Оресте, бывший в то время монахом-капуцином, увидал Симпличио в Сулмоне и научился от него предсказывать будущее по виду восходящего солнца. Затем он отправился путешествовать по всему миру; он был в Риме и говорил с папой; в другом государстве он говорил с королем. Вернувшись на родину в Каппелле, он провел семь лет на кладбище, в обществе скелетов, одетый в рубище и подвергая себя день и ночь строгому подвижничеству. Он читал проповеди в местной церкви, вызывая плач и раскаяние грешников. Потом он снова отправился путешествовать по всем святым местам, пробыл тридцать дней на горе в Анконе, двенадцать дней в монастыре святого Бернарда, поднимался с обнаженной головой на самые высокие горы, покрытые снегом. По возвращении на родину он возобновил свои проповеди в местной церкви, но нападки и преследования врагов вскоре заставили его бежать на остров Корсику; там он сделался апостолом с целью пройти всю Италию и написать своей кровью на воротах каждого города имя Пресвятой Девы. В качестве апостола же он вернулся на родину и объявил, что видел в густой листве деревьев звезду, от которой получил откровение. И, наконец, по внушению Вечного Отца, он принял великое имя Нового Мессии.
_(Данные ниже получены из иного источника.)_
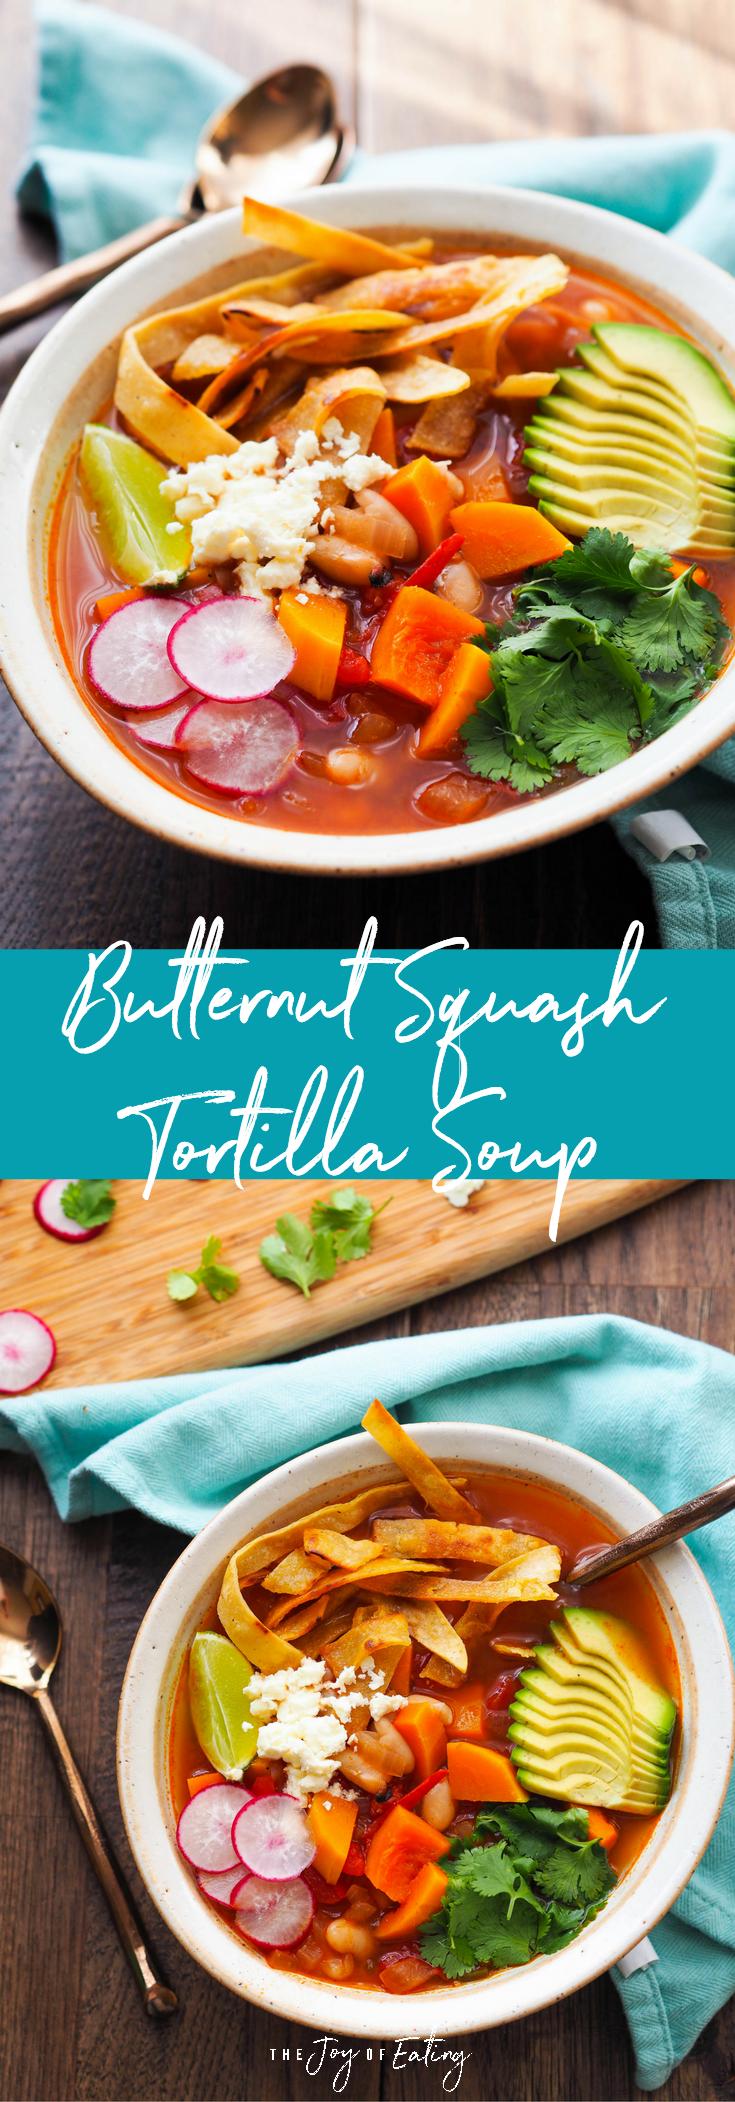 Butternut squash tortilla soup.png
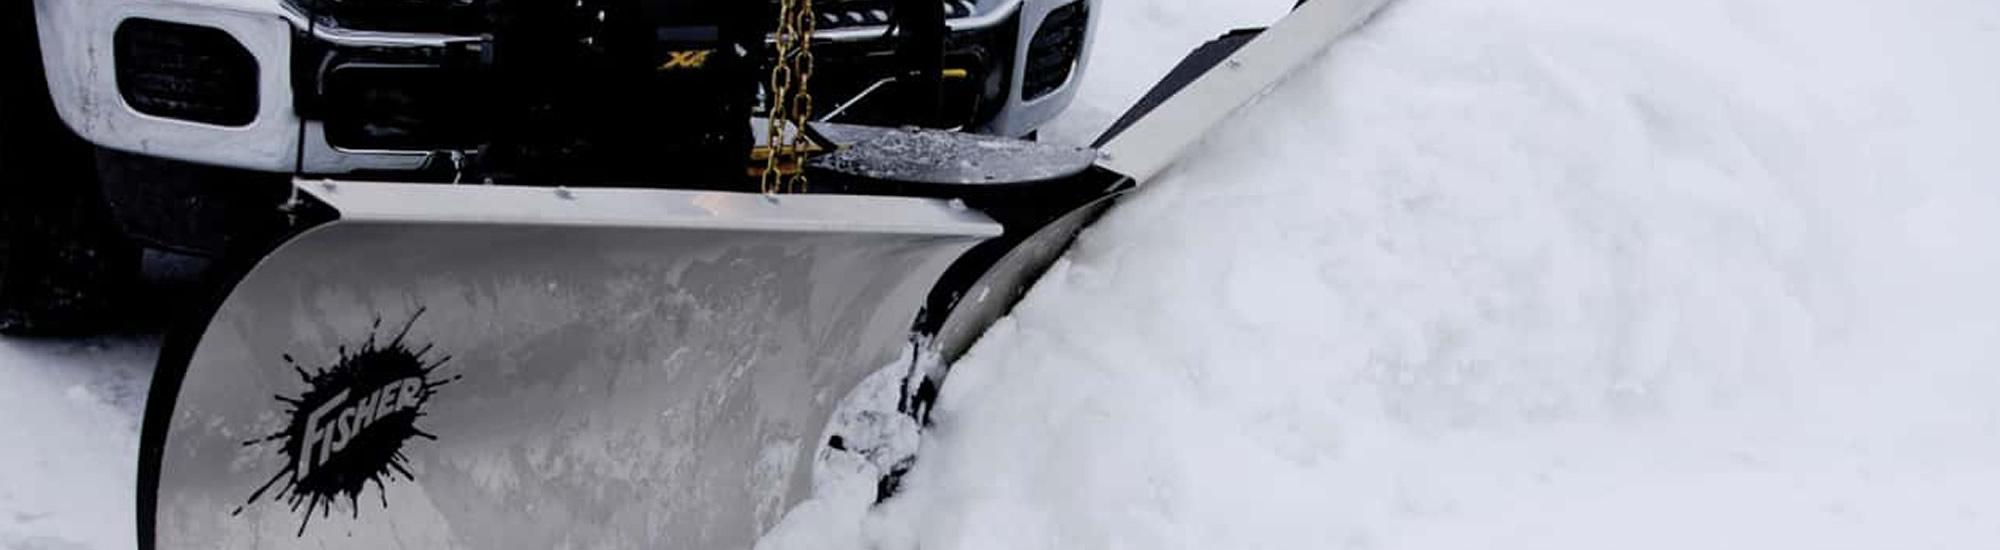 Header Image - castlefordexcavating-snow-removal-banner-1-1531165092.jpg
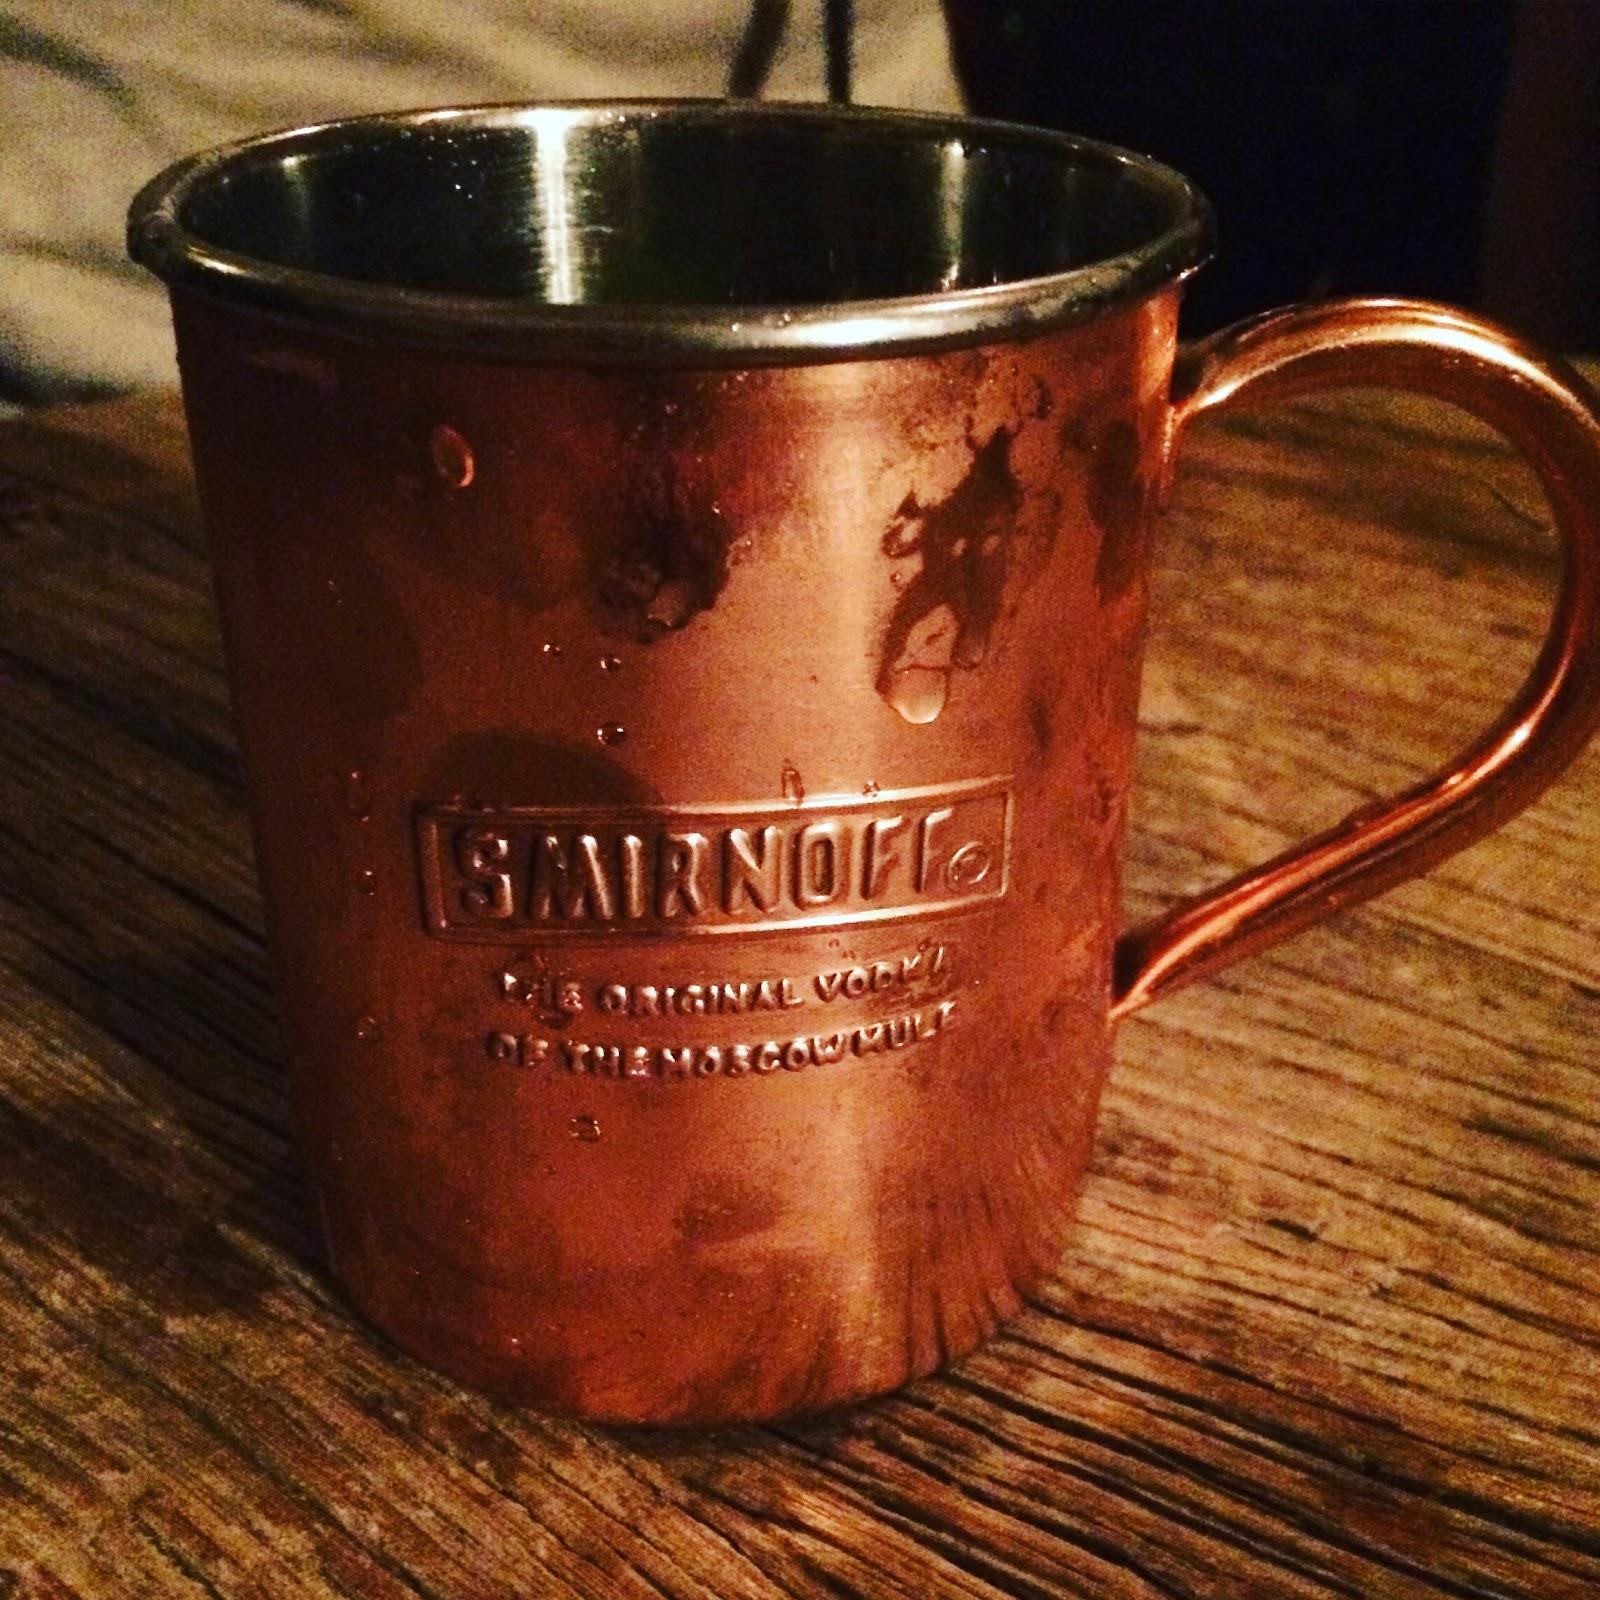 An original Smirnoff Mule mug made with Schmidt's copper

Он обходил теперь деревни, одетый в красную тунику и голубой плащ, с длинной бородой и отросшими волосами, развевавшимися по плечам. За ним следовали апостолы; это были люди, оставившие лопату и плуг, чтобы посвятить себя торжеству новой веры. В Панталеоне Донадио жил дух святого Матвея; в Антонио Секамильо жил дух святого Петра; в Джузеппе Скурти — дух Массимино; в Марии Кларе — дух святой Елизаветы. Винченцо ди Джиамбатиста представлял святого Архангела Михаила; он был посланником Мессии.

Все эти люди прежде возделывали поля и виноградники, жали хлеб, выжимали масло из оливков; все они водили скот на ярмарку и торговались с покупателями; все они были женаты, производили детей, и эти дети рождались, росли и умирали на их глазах; одним словом, все они жили обыкновенной жизнью обитателей деревни среди равных им людей. А теперь это были последователи Мессии, и те самые люди, которые за неделю до того ссорились с ними из-за меры зерна, глядели теперь на них, как на святых. Они преобразились, делили с Оресте его святость, и он наделял их милостью Божьей.

Все эти люди, кто на поле, кто дома, слышали голос и чувствовали, как в их греховную плоть вдруг вселился дух. В Джузеппе Коппа жил дух святого Иоанна, в Паскуале Базилико — дух святого Захария. Женщины тоже получали откровение. Одна женщина из Сенегалии, жена Августинона, портного из Каппелле, хотела дать Мессии доказательство своей горячей веры, повторив жертву Авраама, и зажгла сенник, на котором спали ее дети. Другие женщины тоже давали доказательства своей веры.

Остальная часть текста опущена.